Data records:
'''

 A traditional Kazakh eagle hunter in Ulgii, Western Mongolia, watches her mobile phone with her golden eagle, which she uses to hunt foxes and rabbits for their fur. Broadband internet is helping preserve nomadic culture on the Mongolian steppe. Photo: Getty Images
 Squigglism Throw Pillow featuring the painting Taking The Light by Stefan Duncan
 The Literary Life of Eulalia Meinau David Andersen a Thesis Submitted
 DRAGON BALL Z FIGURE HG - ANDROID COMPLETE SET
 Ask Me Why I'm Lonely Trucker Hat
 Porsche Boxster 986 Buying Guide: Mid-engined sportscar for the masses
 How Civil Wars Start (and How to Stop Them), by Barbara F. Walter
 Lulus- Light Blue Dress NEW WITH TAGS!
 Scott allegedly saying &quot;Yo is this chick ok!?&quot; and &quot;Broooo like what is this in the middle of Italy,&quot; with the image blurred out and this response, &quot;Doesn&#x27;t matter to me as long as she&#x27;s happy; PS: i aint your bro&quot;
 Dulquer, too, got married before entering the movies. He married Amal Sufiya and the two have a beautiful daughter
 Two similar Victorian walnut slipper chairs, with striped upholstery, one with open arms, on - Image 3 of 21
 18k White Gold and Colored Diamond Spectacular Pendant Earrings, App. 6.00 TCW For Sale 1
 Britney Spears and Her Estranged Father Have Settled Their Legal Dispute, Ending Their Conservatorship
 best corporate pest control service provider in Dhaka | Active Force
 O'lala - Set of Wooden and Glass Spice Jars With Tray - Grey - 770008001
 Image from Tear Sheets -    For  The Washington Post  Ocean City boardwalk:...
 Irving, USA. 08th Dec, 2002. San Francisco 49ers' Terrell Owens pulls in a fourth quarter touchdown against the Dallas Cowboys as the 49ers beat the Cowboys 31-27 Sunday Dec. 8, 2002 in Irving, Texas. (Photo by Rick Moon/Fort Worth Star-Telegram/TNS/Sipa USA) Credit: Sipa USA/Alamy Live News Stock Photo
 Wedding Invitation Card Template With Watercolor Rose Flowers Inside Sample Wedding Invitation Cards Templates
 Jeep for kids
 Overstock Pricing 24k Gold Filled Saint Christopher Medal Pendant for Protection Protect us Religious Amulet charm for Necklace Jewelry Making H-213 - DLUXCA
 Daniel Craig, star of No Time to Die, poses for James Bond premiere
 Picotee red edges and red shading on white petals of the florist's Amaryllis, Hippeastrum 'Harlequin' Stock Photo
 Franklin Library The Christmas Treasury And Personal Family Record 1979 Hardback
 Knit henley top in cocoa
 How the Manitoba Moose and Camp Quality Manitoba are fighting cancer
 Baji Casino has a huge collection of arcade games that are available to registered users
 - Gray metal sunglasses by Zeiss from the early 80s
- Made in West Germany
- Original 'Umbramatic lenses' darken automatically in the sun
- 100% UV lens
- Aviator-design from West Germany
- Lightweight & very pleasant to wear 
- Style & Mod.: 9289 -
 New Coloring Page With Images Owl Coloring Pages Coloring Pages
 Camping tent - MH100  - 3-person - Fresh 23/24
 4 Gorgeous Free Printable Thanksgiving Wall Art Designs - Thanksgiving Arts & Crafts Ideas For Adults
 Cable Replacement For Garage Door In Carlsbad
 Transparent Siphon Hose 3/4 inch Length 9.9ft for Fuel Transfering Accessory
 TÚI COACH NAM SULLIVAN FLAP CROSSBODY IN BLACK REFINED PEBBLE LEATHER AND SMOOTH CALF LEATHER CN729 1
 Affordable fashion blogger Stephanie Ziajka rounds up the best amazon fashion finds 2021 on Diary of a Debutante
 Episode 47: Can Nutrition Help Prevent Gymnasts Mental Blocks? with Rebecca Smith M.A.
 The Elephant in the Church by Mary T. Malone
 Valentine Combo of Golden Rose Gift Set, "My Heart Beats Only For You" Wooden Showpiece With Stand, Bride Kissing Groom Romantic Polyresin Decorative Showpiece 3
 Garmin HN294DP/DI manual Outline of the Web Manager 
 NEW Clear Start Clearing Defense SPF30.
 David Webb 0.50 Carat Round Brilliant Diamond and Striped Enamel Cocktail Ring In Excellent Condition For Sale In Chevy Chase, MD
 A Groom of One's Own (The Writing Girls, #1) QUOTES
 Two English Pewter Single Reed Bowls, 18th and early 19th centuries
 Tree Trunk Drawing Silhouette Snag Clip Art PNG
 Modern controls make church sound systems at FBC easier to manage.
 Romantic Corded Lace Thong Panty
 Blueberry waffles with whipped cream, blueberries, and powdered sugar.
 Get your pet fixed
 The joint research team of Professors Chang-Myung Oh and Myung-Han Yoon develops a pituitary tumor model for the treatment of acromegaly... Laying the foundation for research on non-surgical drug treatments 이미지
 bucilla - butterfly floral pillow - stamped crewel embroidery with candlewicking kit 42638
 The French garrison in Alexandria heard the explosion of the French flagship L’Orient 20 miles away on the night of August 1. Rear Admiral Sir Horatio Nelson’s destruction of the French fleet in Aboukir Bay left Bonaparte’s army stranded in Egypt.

'''

What needs to be done: This exercise requires all the entries to be written out again exactly.

Answer space:
 A traditional Kazakh eagle hunter in Ulgii, Western Mongolia, watches her mobile phone with her golden eagle, which she uses to hunt foxes and rabbits for their fur. Broadband internet is helping preserve nomadic culture on the Mongolian steppe. Photo: Getty Images
 Squigglism Throw Pillow featuring the painting Taking The Light by Stefan Duncan
 The Literary Life of Eulalia Meinau David Andersen a Thesis Submitted
 DRAGON BALL Z FIGURE HG - ANDROID COMPLETE SET
 Ask Me Why I'm Lonely Trucker Hat
 Porsche Boxster 986 Buying Guide: Mid-engined sportscar for the masses
 How Civil Wars Start (and How to Stop Them), by Barbara F. Walter
 Lulus- Light Blue Dress NEW WITH TAGS!
 Scott allegedly saying &quot;Yo is this chick ok!?&quot; and &quot;Broooo like what is this in the middle of Italy,&quot; with the image blurred out and this response, &quot;Doesn&#x27;t matter to me as long as she&#x27;s happy; PS: i aint your bro&quot;
 Dulquer, too, got married before entering the movies. He married Amal Sufiya and the two have a beautiful daughter
 Two similar Victorian walnut slipper chairs, with striped upholstery, one with open arms, on - Image 3 of 21
 18k White Gold and Colored Diamond Spectacular Pendant Earrings, App. 6.00 TCW For Sale 1
 Britney Spears and Her Estranged Father Have Settled Their Legal Dispute, Ending Their Conservatorship
 best corporate pest control service provider in Dhaka | Active Force
 O'lala - Set of Wooden and Glass Spice Jars With Tray - Grey - 770008001
 Image from Tear Sheets -    For  The Washington Post  Ocean City boardwalk:...
 Irving, USA. 08th Dec, 2002. San Francisco 49ers' Terrell Owens pulls in a fourth quarter touchdown against the Dallas Cowboys as the 49ers beat the Cowboys 31-27 Sunday Dec. 8, 2002 in Irving, Texas. (Photo by Rick Moon/Fort Worth Star-Telegram/TNS/Sipa USA) Credit: Sipa USA/Alamy Live News Stock Photo
 Wedding Invitation Card Template With Watercolor Rose Flowers Inside Sample Wedding Invitation Cards Templates
 Jeep for kids
 Overstock Pricing 24k Gold Filled Saint Christopher Medal Pendant for Protection Protect us Religious Amulet charm for Necklace Jewelry Making H-213 - DLUXCA
 Daniel Craig, star of No Time to Die, poses for James Bond premiere
 Picotee red edges and red shading on white petals of the florist's Amaryllis, Hippeastrum 'Harlequin' Stock Photo
 Franklin Library The Christmas Treasury And Personal Family Record 1979 Hardback
 Knit henley top in cocoa
 How the Manitoba Moose and Camp Quality Manitoba are fighting cancer
 Baji Casino has a huge collection of arcade games that are available to registered users
 - Gray metal sunglasses by Zeiss from the early 80s
- Made in West Germany
- Original 'Umbramatic lenses' darken automatically in the sun
- 100% UV lens
- Aviator-design from West Germany
- Lightweight & very pleasant to wear 
- Style & Mod.: 9289 -
 New Coloring Page With Images Owl Coloring Pages Coloring Pages
 Camping tent - MH100  - 3-person - Fresh 23/24
 4 Gorgeous Free Printable Thanksgiving Wall Art Designs - Thanksgiving Arts & Crafts Ideas For Adults
 Cable Replacement For Garage Door In Carlsbad
 Transparent Siphon Hose 3/4 inch Length 9.9ft for Fuel Transfering Accessory
 TÚI COACH NAM SULLIVAN FLAP CROSSBODY IN BLACK REFINED PEBBLE LEATHER AND SMOOTH CALF LEATHER CN729 1
 Affordable fashion blogger Stephanie Ziajka rounds up the best amazon fashion finds 2021 on Diary of a Debutante
 Episode 47: Can Nutrition Help Prevent Gymnasts Mental Blocks? with Rebecca Smith M.A.
 The Elephant in the Church by Mary T. Malone
 Valentine Combo of Golden Rose Gift Set, "My Heart Beats Only For You" Wooden Showpiece With Stand, Bride Kissing Groom Romantic Polyresin Decorative Showpiece 3
 Garmin HN294DP/DI manual Outline of the Web Manager 
 NEW Clear Start Clearing Defense SPF30.
 David Webb 0.50 Carat Round Brilliant Diamond and Striped Enamel Cocktail Ring In Excellent Condition For Sale In Chevy Chase, MD
 A Groom of One's Own (The Writing Girls, #1) QUOTES
 Two English Pewter Single Reed Bowls, 18th and early 19th centuries
 Tree Trunk Drawing Silhouette Snag Clip Art PNG
 Modern controls make church sound systems at FBC easier to manage.
 Romantic Corded Lace Thong Panty
 Blueberry waffles with whipped cream, blueberries, and powdered sugar.
 Get your pet fixed
 The joint research team of Professors Chang-Myung Oh and Myung-Han Yoon develops a pituitary tumor model for the treatment of acromegaly... Laying the foundation for research on non-surgical drug treatments 이미지
 bucilla - butterfly floral pillow - stamped crewel embroidery with candlewicking kit 42638
 The French garrison in Alexandria heard the explosion of the French flagship L’Orient 20 miles away on the night of August 1. Rear Admiral Sir Horatio Nelson’s destruction of the French fleet in Aboukir Bay left Bonaparte’s army stranded in Egypt.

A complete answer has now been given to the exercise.